* Aim of the task *
Go to the line containing "SVG of 50 years" in the material below. From there to the end, retype every line exactly and drop the pictures.

* Raw data *
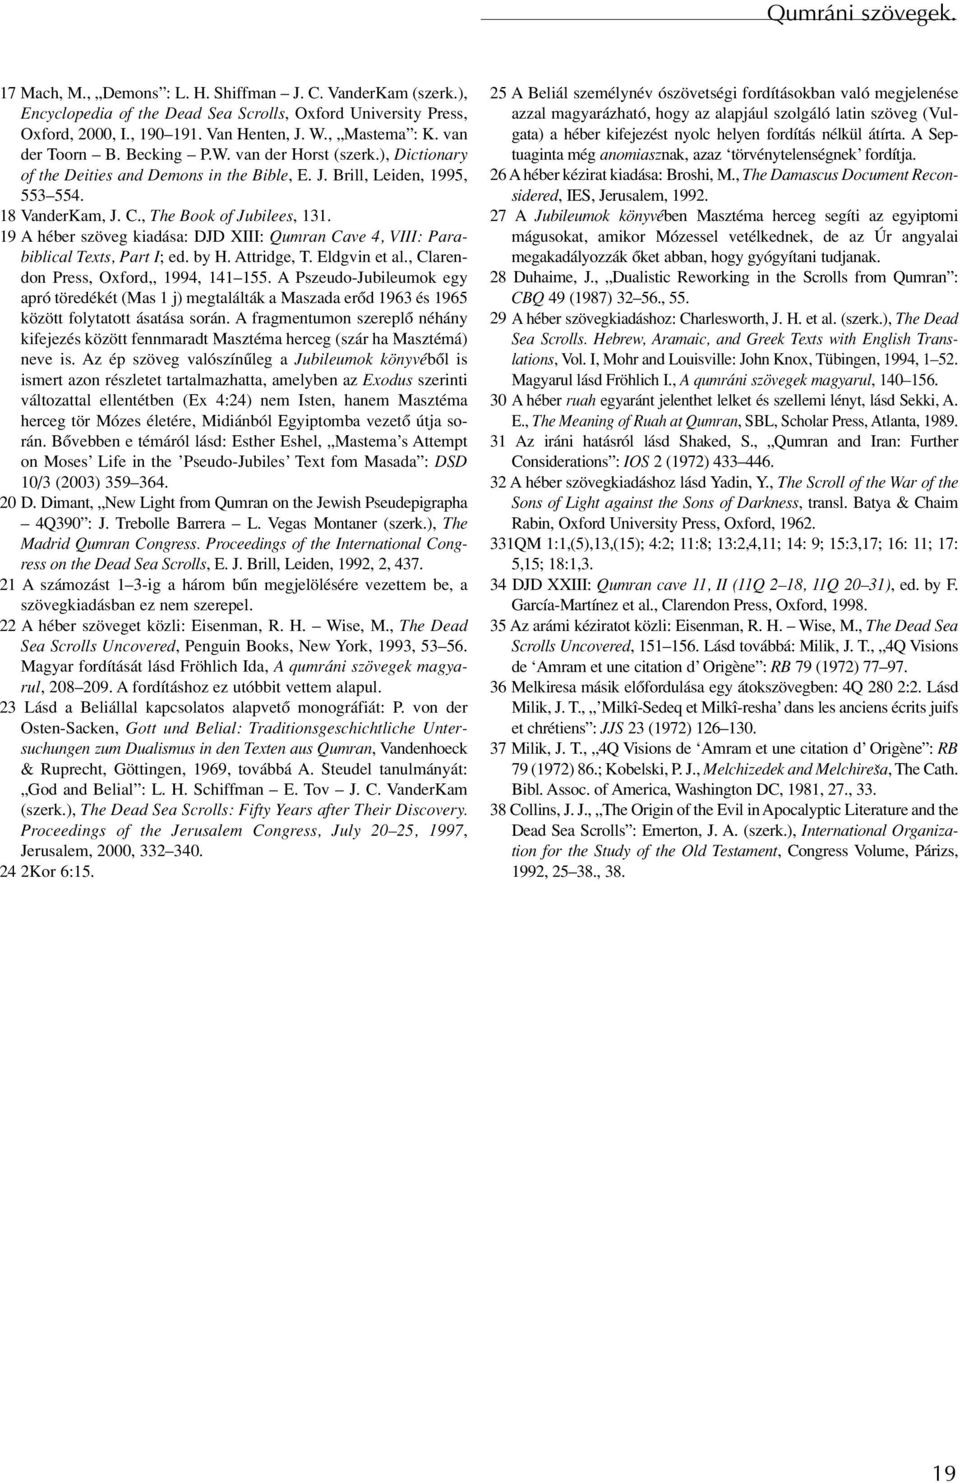 , The Book of Jubilees, 131. 19 A héber szöveg kiadása: DJD XIII: Qumran Cave 4, VIII: Parabiblical Texts, Part I; ed. by H. Attridge, T. Eldgvin et al., Clarendon Press, Oxford,, 1994, 141 155.
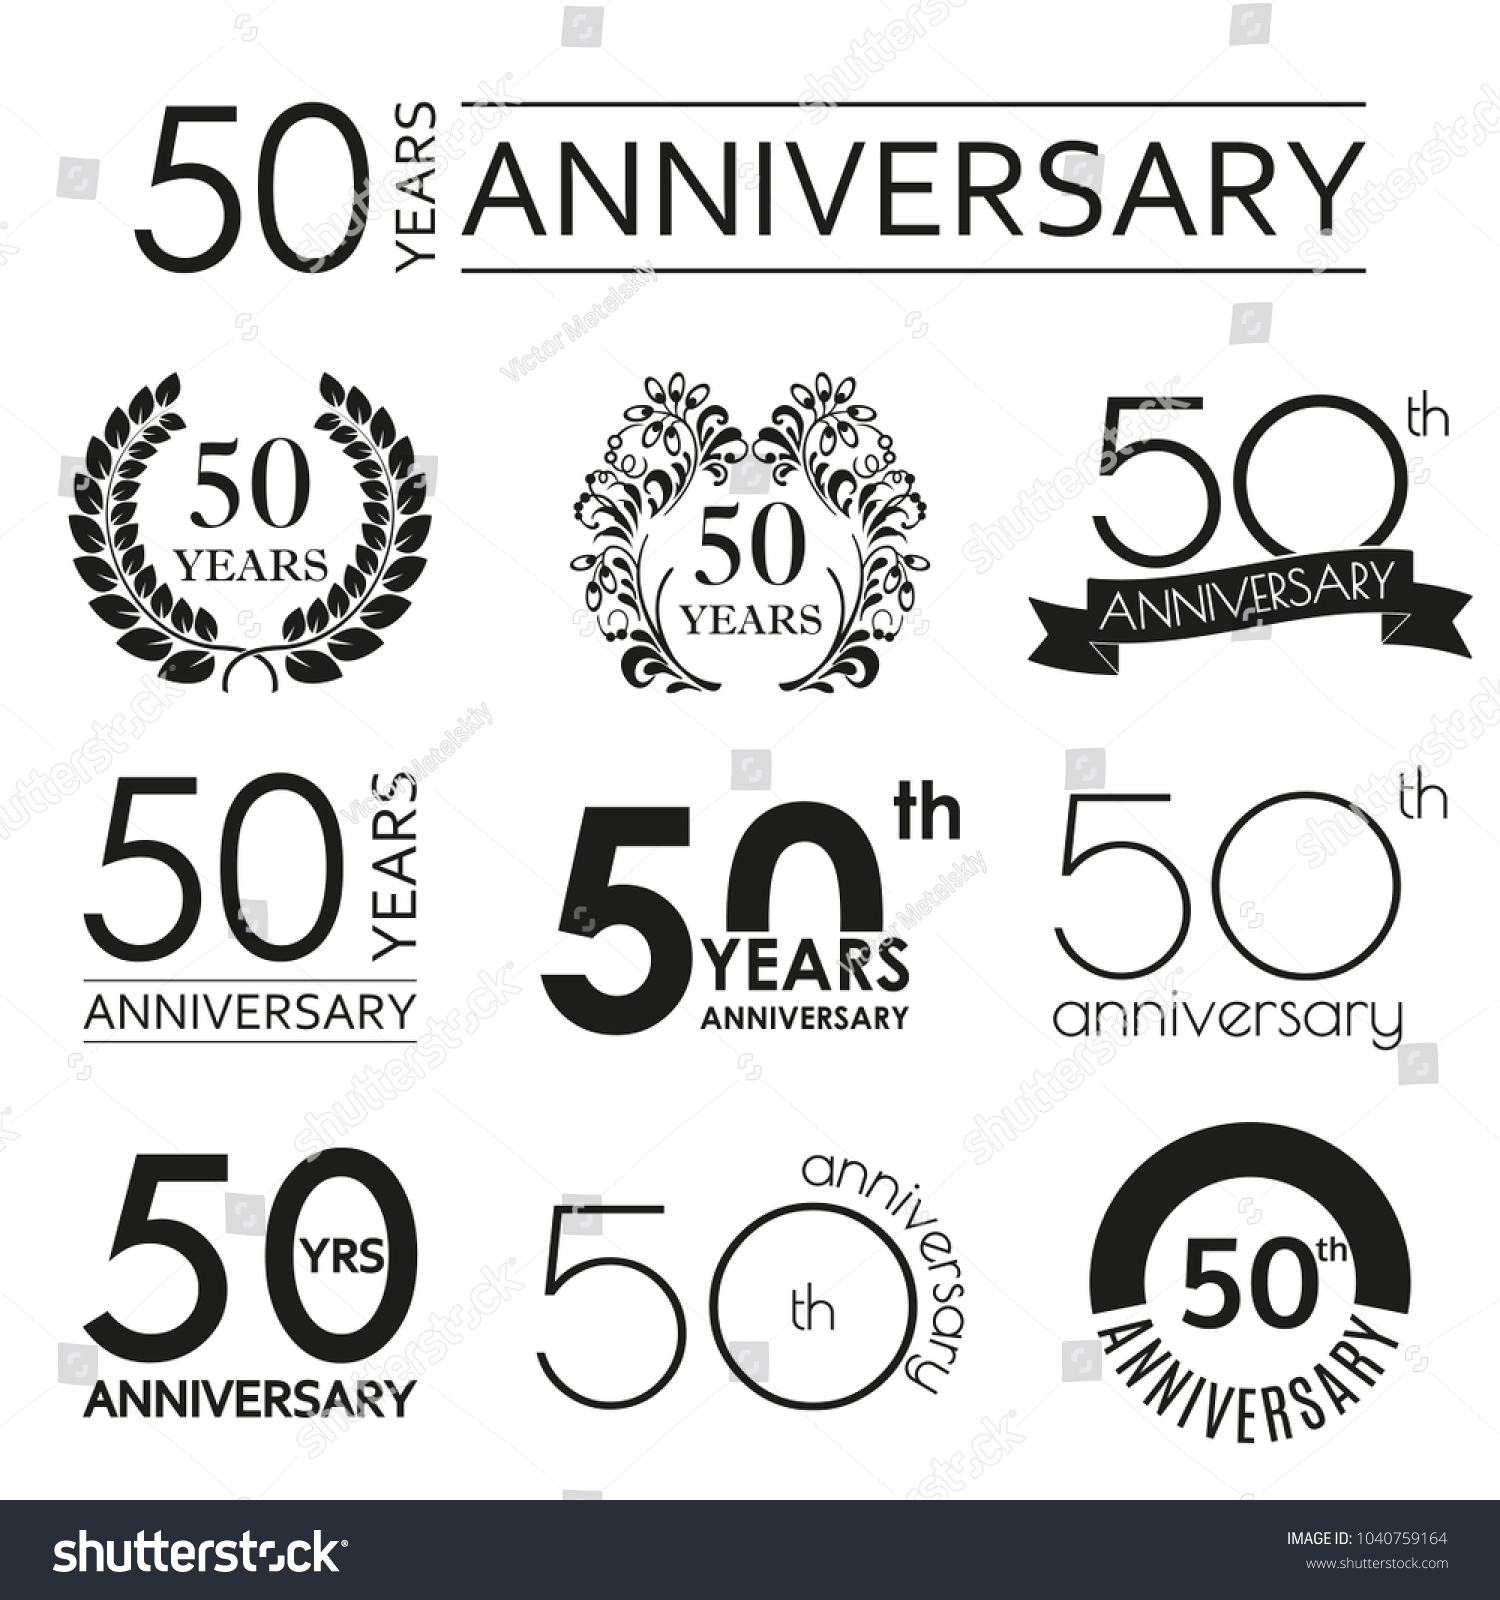 SVG of 50 years anniversary icon set. 50th anniversary celebration logo. Design elements for birthday, invitation, wedding jubilee. Vector illustration. svg
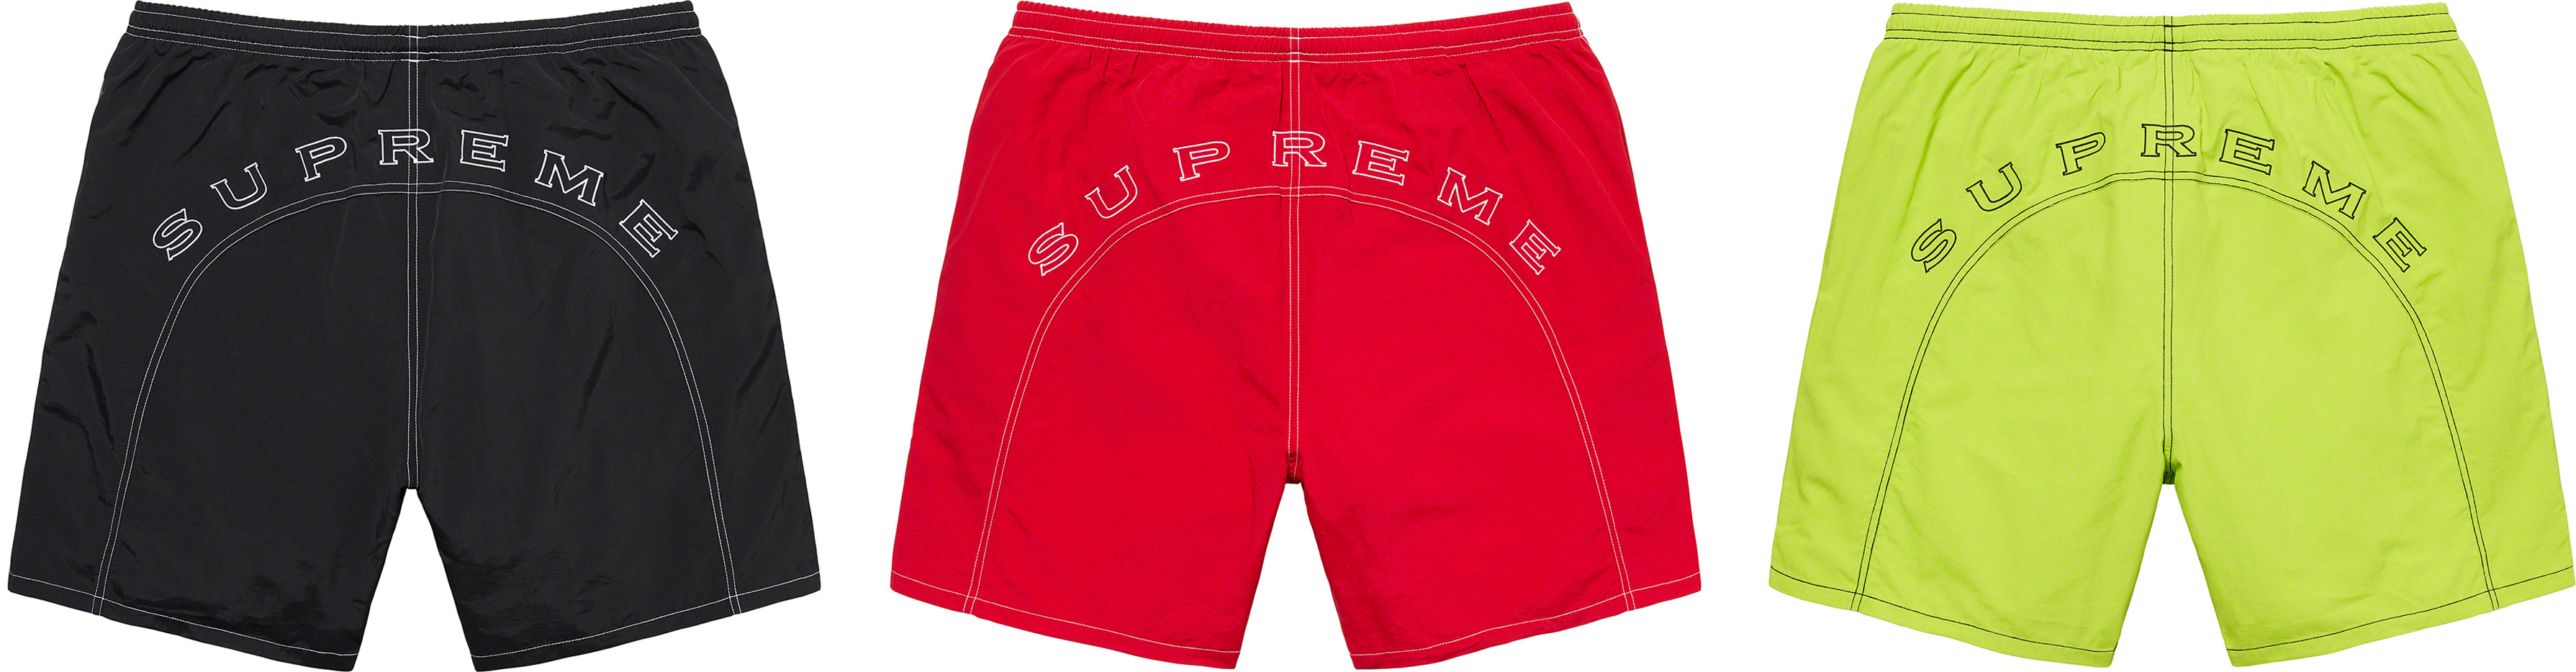 Supreme Arc Logo Water Short  sizeSRoyalSIZE
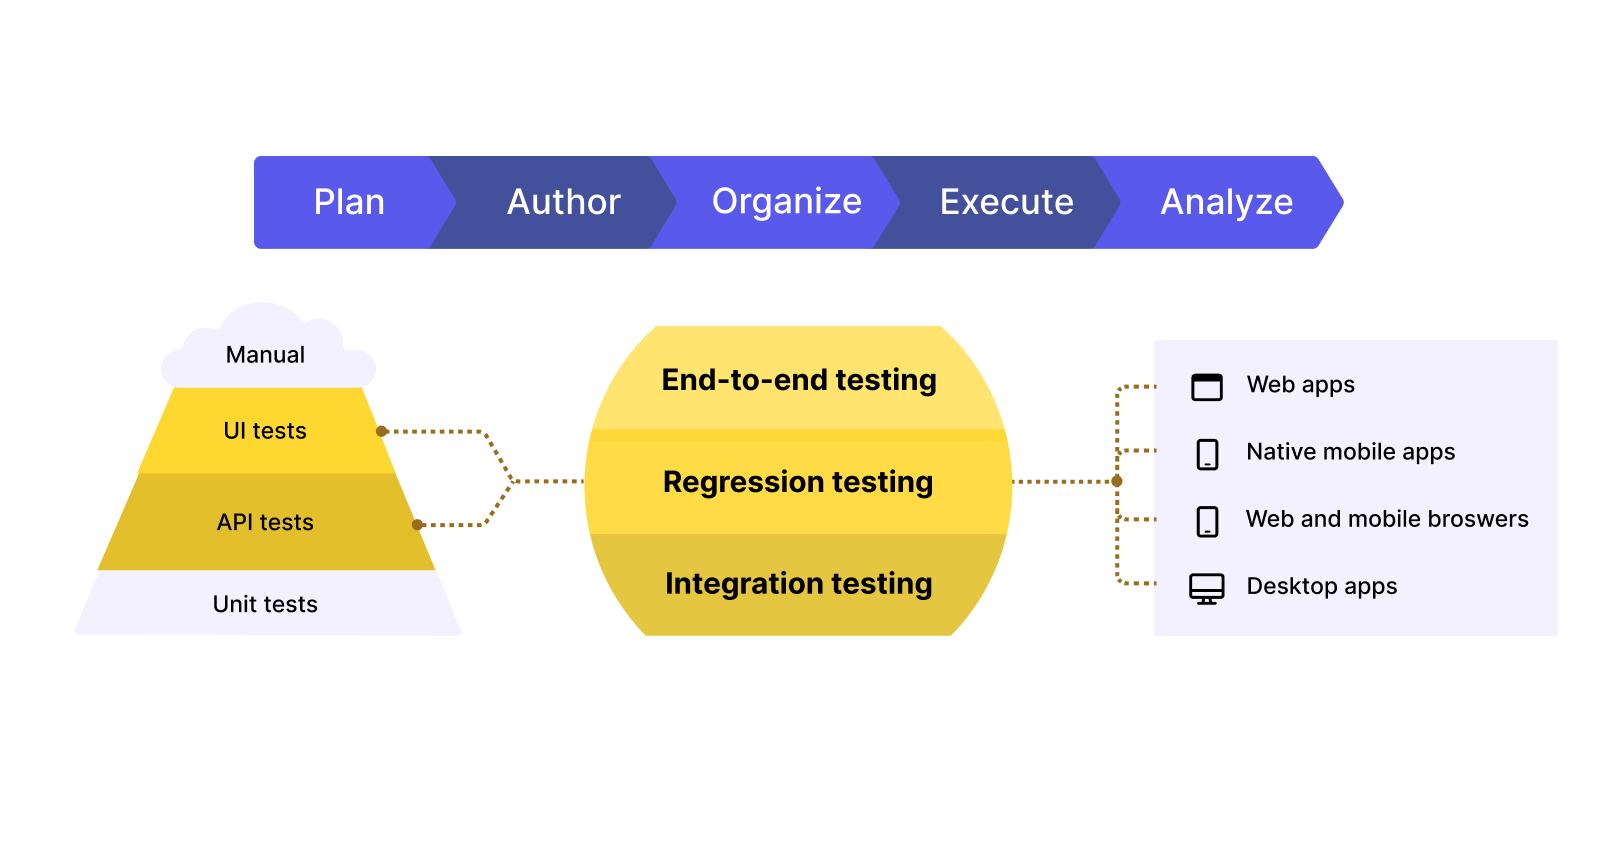 Katalon supports functional testing, UI testing, and integration testing for web, mobile, API, and desktop app

* Your solution *
 SVG of 50 years anniversary icon set. 50th anniversary celebration logo. Design elements for birthday, invitation, wedding jubilee. Vector illustration. svg
 Supreme Arc Logo Water Short  sizeSRoyalSIZE
 Katalon supports functional testing, UI testing, and integration testing for web, mobile, API, and desktop app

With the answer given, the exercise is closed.